To confirm the ability of MK-1775 to increase the cisplatin-induced apoptosis, we evaluated early and late apoptosis in both NCI-H2452 and MSTO-211H cell lines by cell staining with an annexin V-FITC antibody and propidium iodide (PI) and FACS analysis 72 h after treatment. These analyses showed an increase in apoptosis induction in MM cells co-treated with MK-1775 and cisplatin with respect to cells treated with cisplatin alone (Fig. 4A). We also analyzed caspase-3 activity in both NCI-H2452 and MSTO-211H cell lines 72 h after treatment. Consistently, we observed a significant increase in caspase-3 activity in cells treated with the two drug combination with respect to cells treated with cisplatin alone (Fig. 4B).
Discussion
In recent years there has been great concern about the asbestos-related disease MM because of its increasing incidence worldwide.2,3 Indeed, the extensive use of asbestos during the twentieth century, together with its long-latency time (longer than 30 y), determined a rise in incidence, which is expected to peak over the period 2020–2050.

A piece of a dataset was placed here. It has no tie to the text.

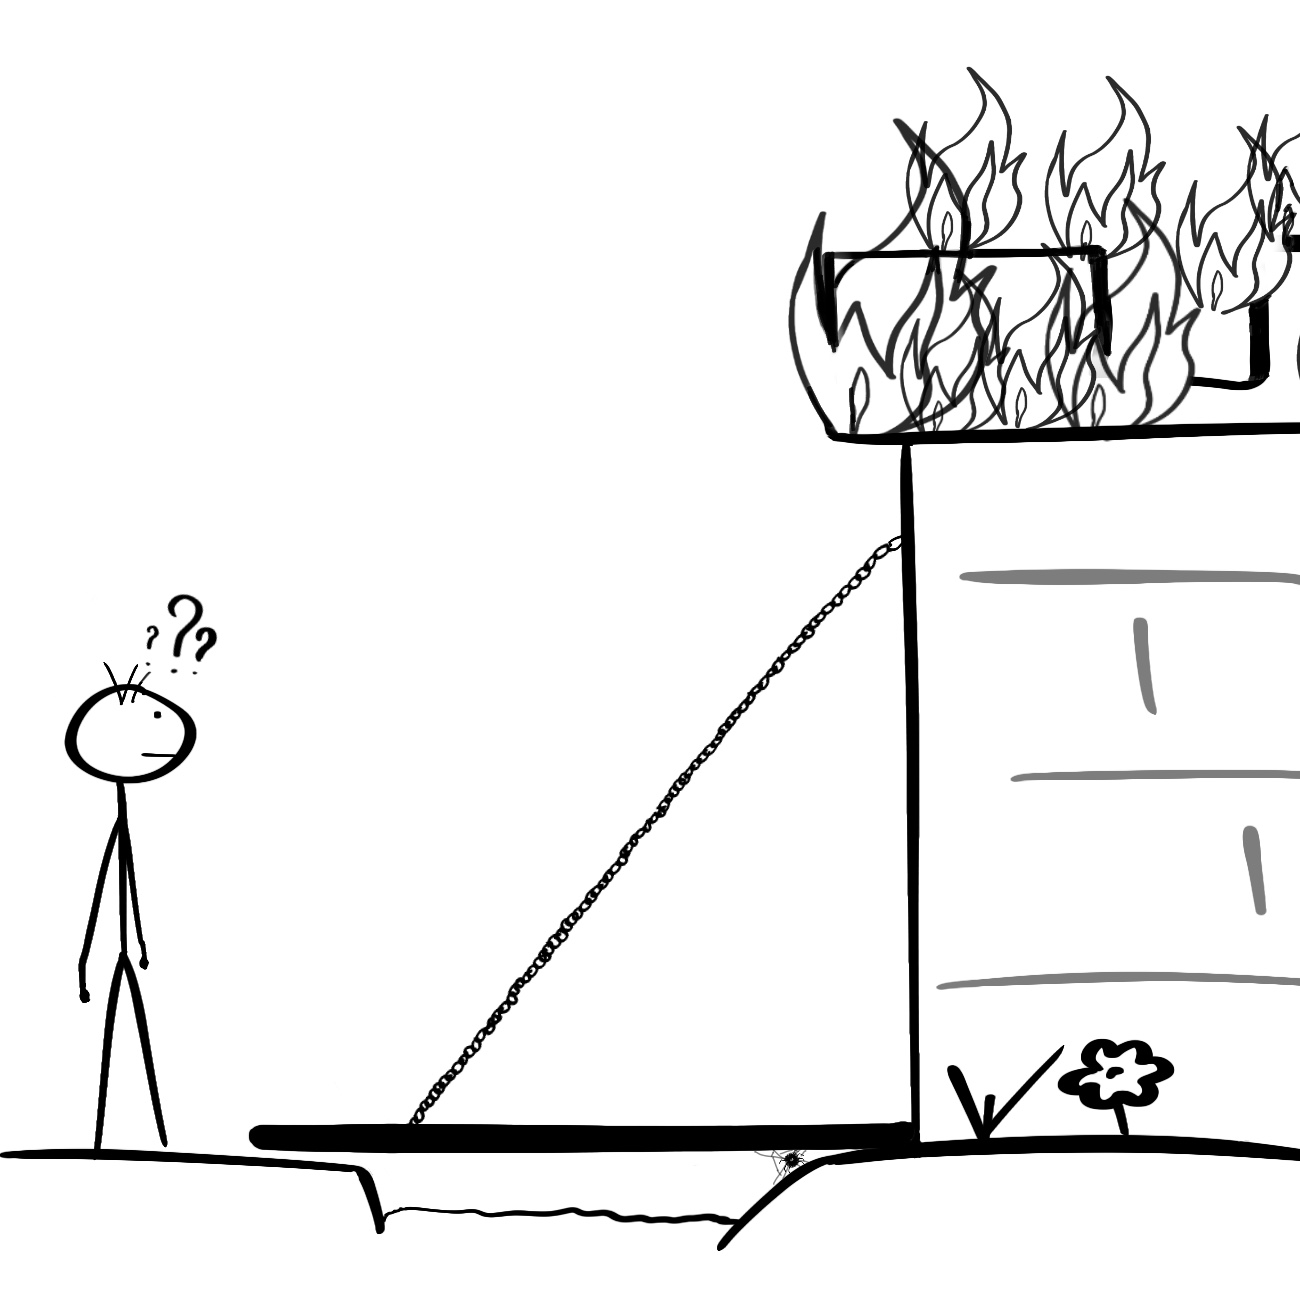 رسم توضيحي لتعذُّر استخدام المكتبة بسبب اشتعال النيران فيها

Several efforts have been devoted to design new effective therapeutic strategies for MM, which led to some developments in the management of this disease. In particular, the recent introduction of new drug combinations, such as cisplatin plus pemetrexed/gemcitabine, has shown a significant improvement in the patient quality of life.2,3 Nevertheless, MM remains a universally fatal disease.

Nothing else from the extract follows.